31. There is no evidence that cast doubt on the transparency of the process and the outcome thereof. I note that the Police Officer who was conducting the identification parade did abide by the above Rules and in the result the court was satisfied with the conduct of the identification parade.

32. The appellant raised the defence of alibi and assailed the trial magistrate for dismissing it. The law on alibi is now well settled. It is that a prisoner who puts forward an alibi as an answer to a charge does not assume any burden of proving it. The burden remains on the prosecution to disprove it. If evidence adduced in support of an alibi raises a reasonable doubt as to the guilt of an accused person it is sufficient to secure an acquittal. (see Leonard Aniseth v. Republic(1963) EA 206).

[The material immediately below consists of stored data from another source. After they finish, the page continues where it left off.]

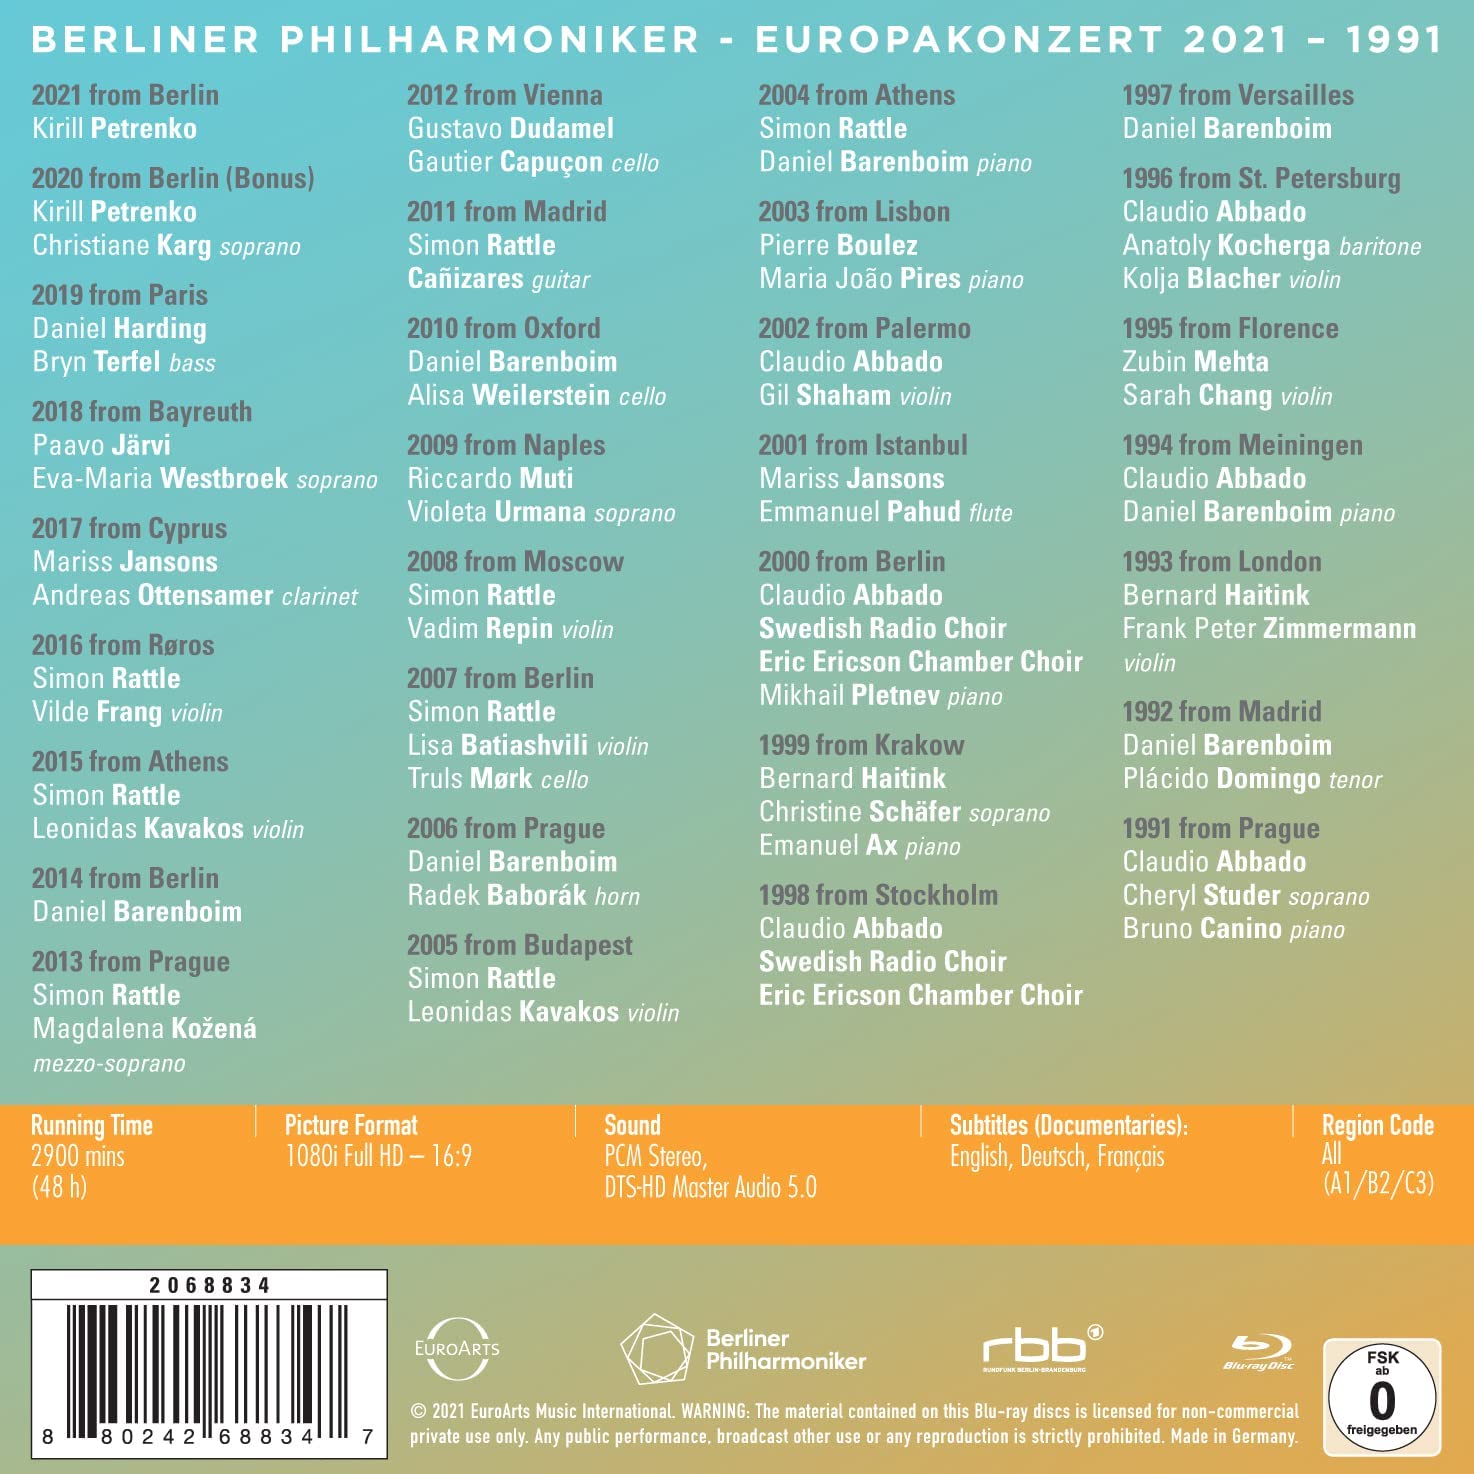 베를린 필 유로파 콘서트 30주년 기념 블루레이 박스세트 (Berliner Philharmoniker 30 years of EUROPAKONZERT 1991-2021)
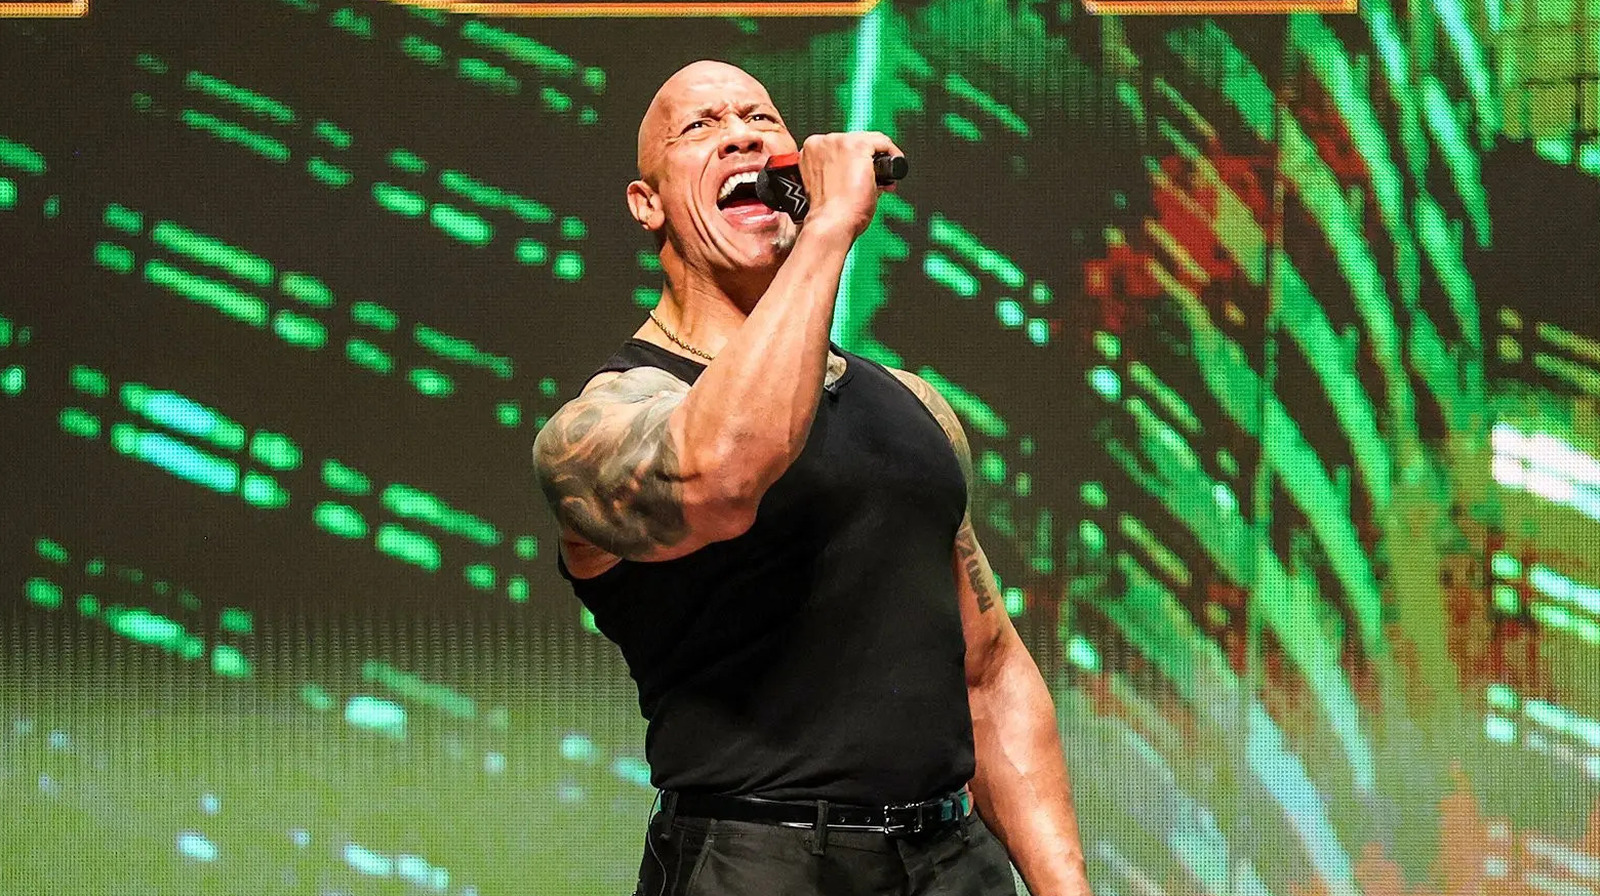 Noticias detrás del escenario sobre quién lanzó el Heel Turn de The Rock en la WWE
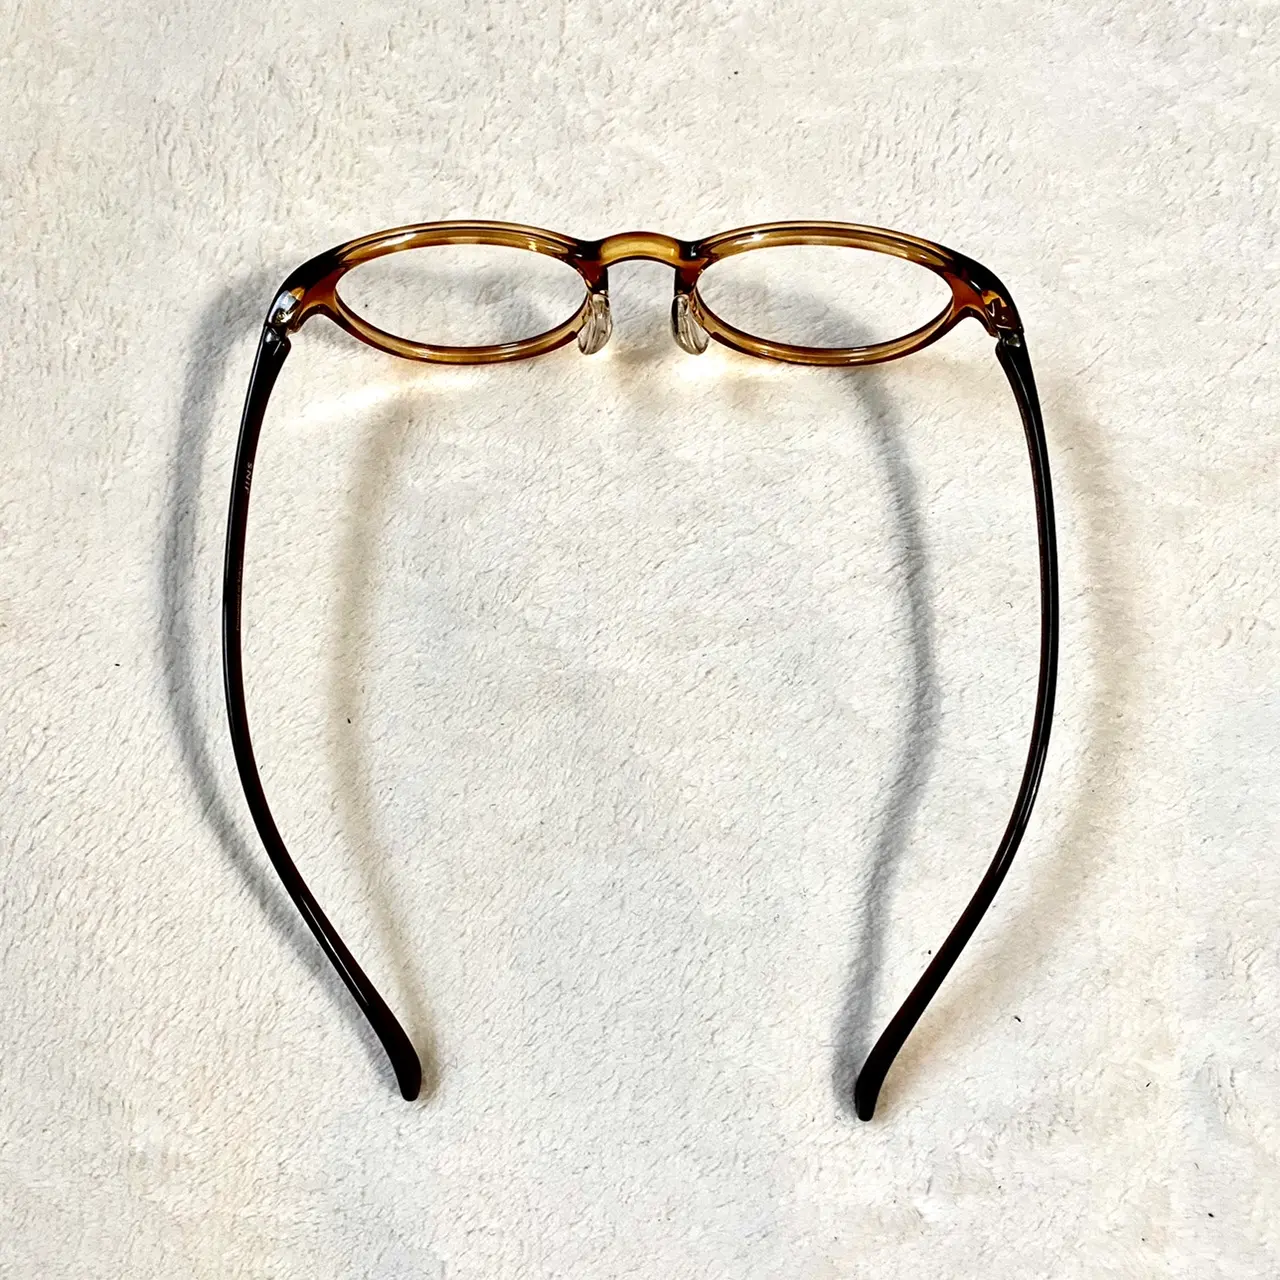 Jins の おうち時間に着替えるメガネ を リモートワーク中のライターがお試ししてみた ファッション コーディネート 代 Daily More

33. To counter this defence, the prosecution was required to adduce direct or circumstantial evidence proving that the appellant was the perpetrator of the unlawful actions. This was proved by the prosecution evidence as analyzed above. In this case, the prosecution largely rests on the accounts of Pw2 to Pw4 that placed the appellant at the scene of the crime. I have examined closely the identification evidence of Pw2 to Pw4 and found it to be free from the possibility of mistake or error. In light of that evidence, I reject the appellant’s alibi. I am satisfied that there was ample evidence which put him at the scene of crime.

34. In view of the foregoing analysis I find that the appeal against conviction lacks merit and is dismissed. With regard to sentence, Section 296(2) provides for a death sentence. The sentence of 10 years meted on the appellant appears lenient. It is possible that the trial magistrate might have had in mind the decision by the Supreme Court in the case of Francis Karioko Muruatetu &Another V. R (2017) which outlawed death sentence. That being the position i find that there is no reason to interfere with the sentence passed by the court save that this court has power to enhance the sentence but opts not to do so. I note that the prosecution did not present evidence to the effect that the appellant had previous convictions and therefore I hold that he is a first offender. As the appellant appears to have remained in custody for the entire period of the trial I order that the sentence do run from the date of arrest namely 28. 6.2013.

35. In the result the appellant’s appeal on conviction is without merit and is dismissed. The appeal on sentence partly succeeds to the extent that the sentence of ten (10) years shall run from the date of arrest namely 28. 6.2013.

It is so ordered.

Dated and delivered at Machakos this 29th day of  April, 2020.